ADVERTISEMENT

Biogen Top Science Executive Sandrock to Retire at Year-End

Biogen Top Science Executive Sandrock to Retire at Year-End

Biogen Inc. said that its top scientific executive is retiring at the end of the year, a departure that caps months of turbulence at the biotechnology company since the approval of its controversial Alzheimer’s disease drug.

The company said in a statement Monday that Alfred Sandrock, its head of research & development, will retire effective Dec. 31. Priya Singhal, head of global safety and regulatory sciences, will assume Sandrock’s duties on an interim basis, Biogen said.

Sandrock, 64, is an executive of immense stature at Biogen. He led the development of top-selling drugs including multiple sclerosis treatment Tecfidera and Spinraza, for spinal muscular atrophy. A member of the company’s executive committee since 2015, he previously served as its chief medical officer from 2012 to 2020.

In addition to his role in some of Biogen’s biggest blockbusters, Sandrock was also instrumental in the development of Aduhelm, the Alzheimer’s treatment approved by the U.S. Food and Drug Administration this year. 

Though hailed by Biogen and some disease advocates as a landmark, Aduhelm was cleared over the objections of experts who said that more evidence was needed to establish that it works. Big trials that were halted by Biogen in 2019 produced contradictory results, but the drug was cleared through an accelerated pathway on the condition the company do another trial to confirm its benefits.

In addition, contacts between company executives including Sandrock and FDA officials are under scrutiny by lawmakers and in an inquiry by the inspector general of the Department of Health and Human Services. 

Throughout 2019, after Biogen stopped its trials, FDA officials held regular meetings with company executives. In the spring of 2019 Sandrock met with a key official from the FDA’s Office of Neuroscience at a medical conference in Philadelphia, and the regulator suggested Biogen not abandon the drug candidate.

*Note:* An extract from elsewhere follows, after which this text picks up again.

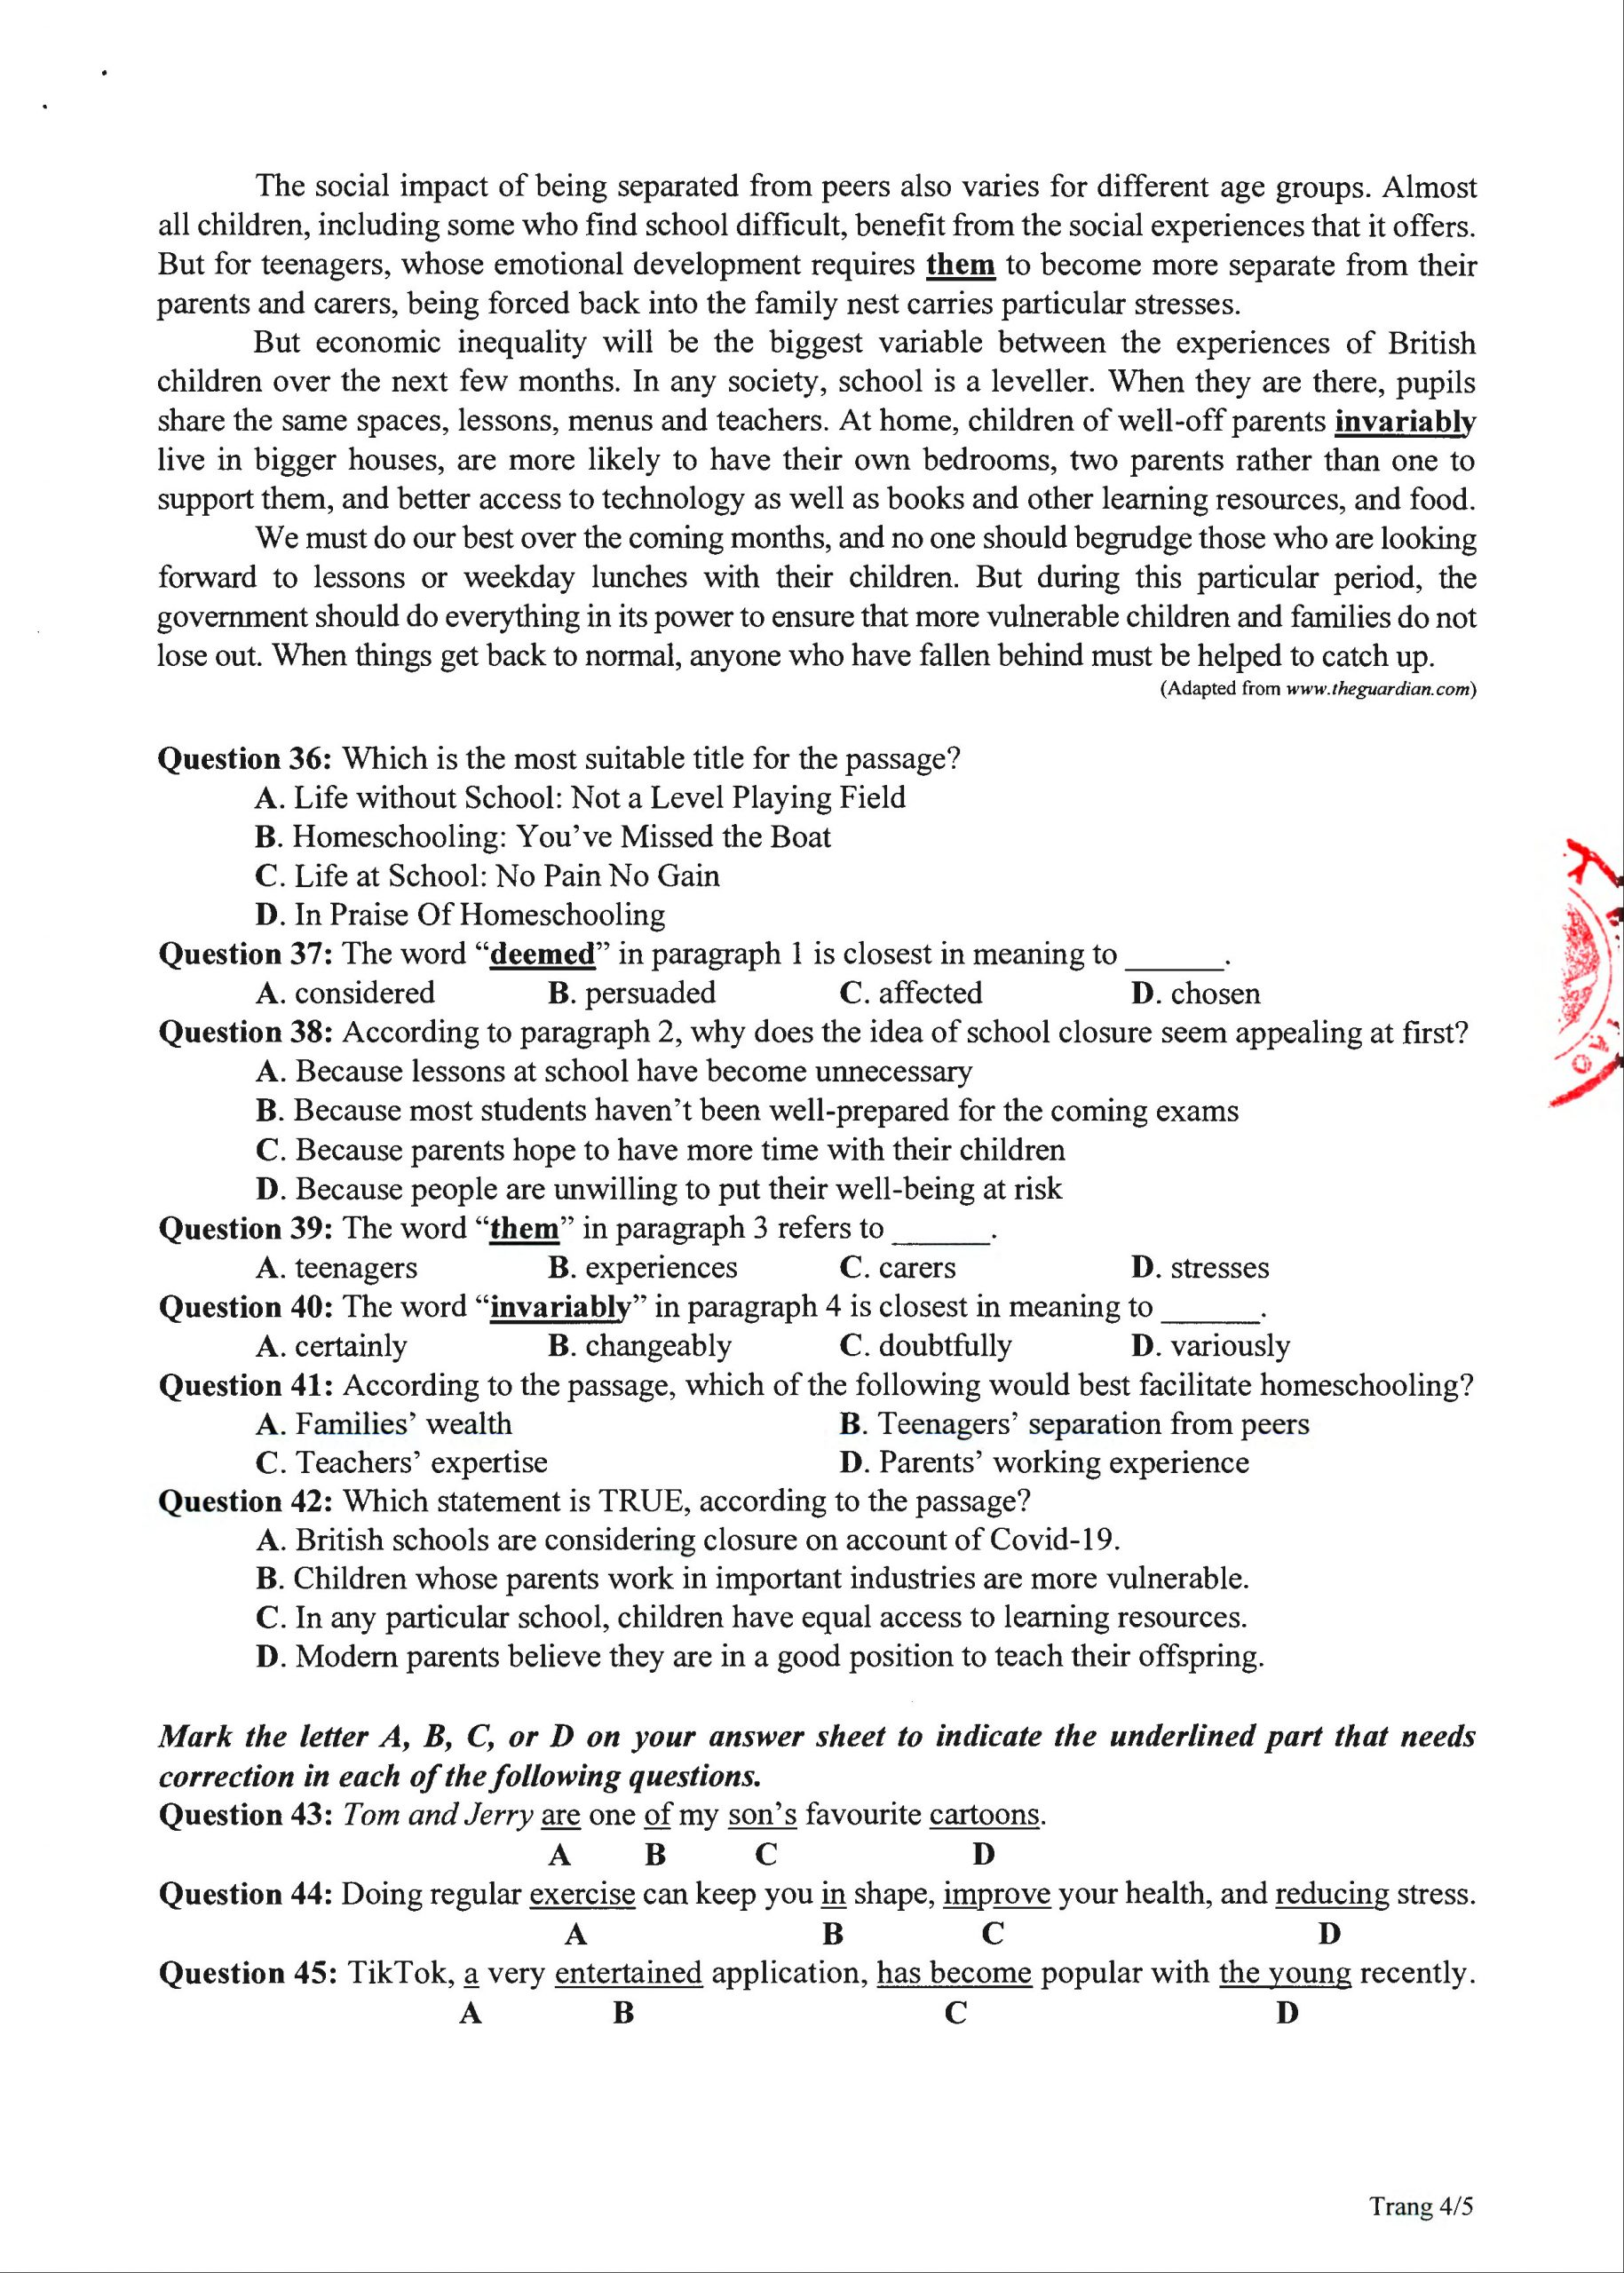 đề tham khảo tốt nghiệp 2020 môn tiếng ANh đề minh họa lần 2

In an open letter in July, Sandrock denounced criticism of the approval as “extensive misinformation and misunderstanding” and said the debate had gone “outside the boundaries of legitimate scientific deliberation.”

Biogen has said it will cooperate with any probe into the Aduhelm review process.

The furor over the clearance and Aduhelm’s high price, at $56,000 a year, has contributed to slow uptake of the treatment. The U.S. is still weighing whether to cover the drug through government insurance programs, but already health officials have increased premiums in Medicare Part B for 2022 to prepare for the cost of Aduhelm and similar drugs that could be approved soon by the FDA. 

Michel Vounatsos, Biogen’s chief executive officer, said in the statement that Sandrock “inspired a new generation of scientists while helping to grow Biogen from a small biotech firm in Cambridge to a Fortune 500 enterprise.”

©2021 Bloomberg L.P.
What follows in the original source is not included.